While a dollar level of ¥85.00 is "tolerable for most Japanese corporations who have been able to hedge their positions, the fear among Japanese authorities is that a decisive break below 85.00 would quickly precipitate a move towards 80.00 which could prove devastating to Japanese corporate profits," Boris Schlossberg, director of currency research at GFT, said in a note to clients Tuesday.

Although direct currency market intervention remains "unlikely," he said, one possible policy move that Kan and Shirakawa might consider is expanding the BOJ's current ¥20 trillion ($233 billion) quantitative-easing program to a six-month program from the current three-month time frame.

"Yet despite the latest efforts by Japanese officials to stem the rise of the currency, yen's fate will depend much more on the developments on this side of the Pacific rather than any policy moves out of Tokyo," he said, adding that the dollar's primary driver against the yen continues to be the interest rate differential between U.S. Treasury yields and those of Japanese government bonds.

Japan's Minister of Economy and Fiscal Policy Satoshi Arai said Tuesday that the yen's appreciation against the dollar may have entered its final phase, the Nikkei business daily reported.

"I think we may have passed the point where we can address the issue with 'verbal' intervention.
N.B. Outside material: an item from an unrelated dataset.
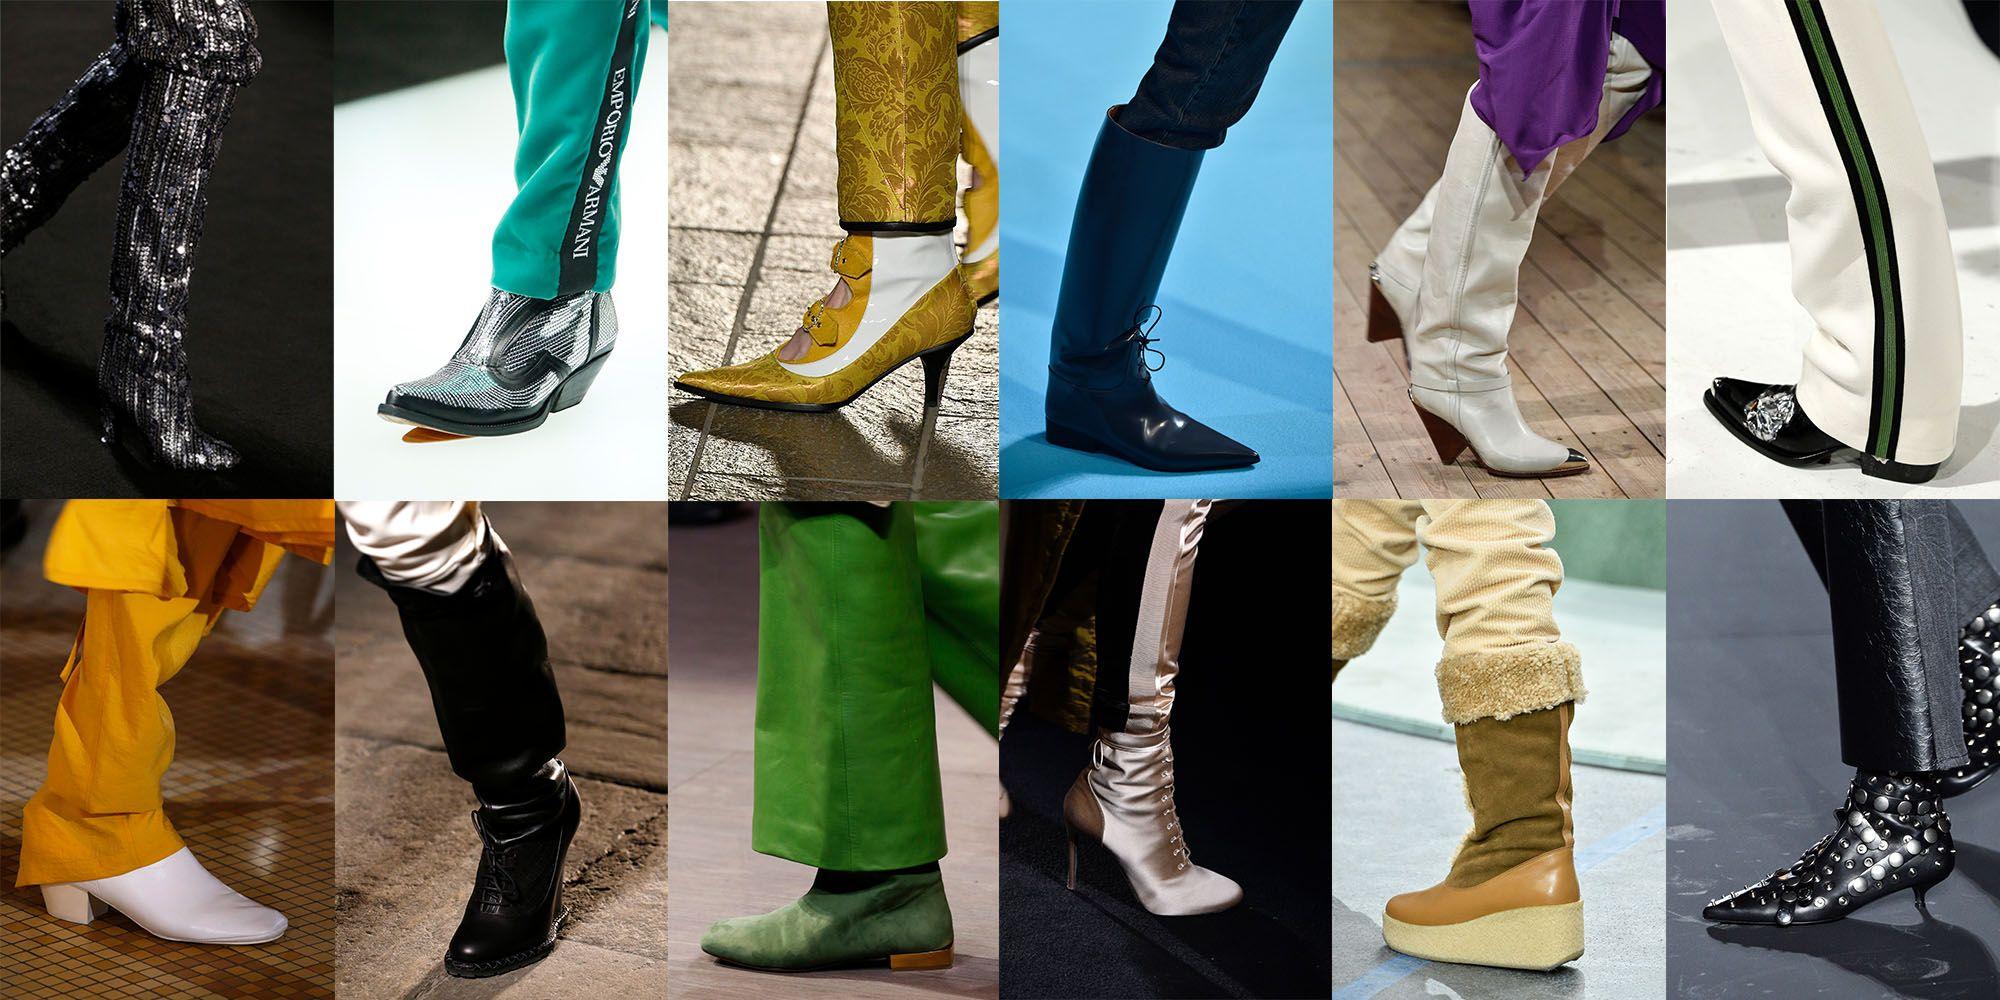 Fall winter schoenen trends 2018/2019

But some say the yen's rise is now in its last phase," Arai was quoted as saying in a speech at a Tokyo hotel.

Arai reportedly said the current yen situation "resembles" a phase in which speculative trading tends to become active shortly before foreign exchange volatility stabilizes.

"From around Friday, we'll begin discussions on whether to implement" additional stimulus, Arai also said in the speech, according to Nikkei.

As for the need to compile a supplementary fiscal 2010 budget to finance the extra measures, "Prime Minister Naoto Kan will start hearing from ministries and agencies involved from Friday," Arai said.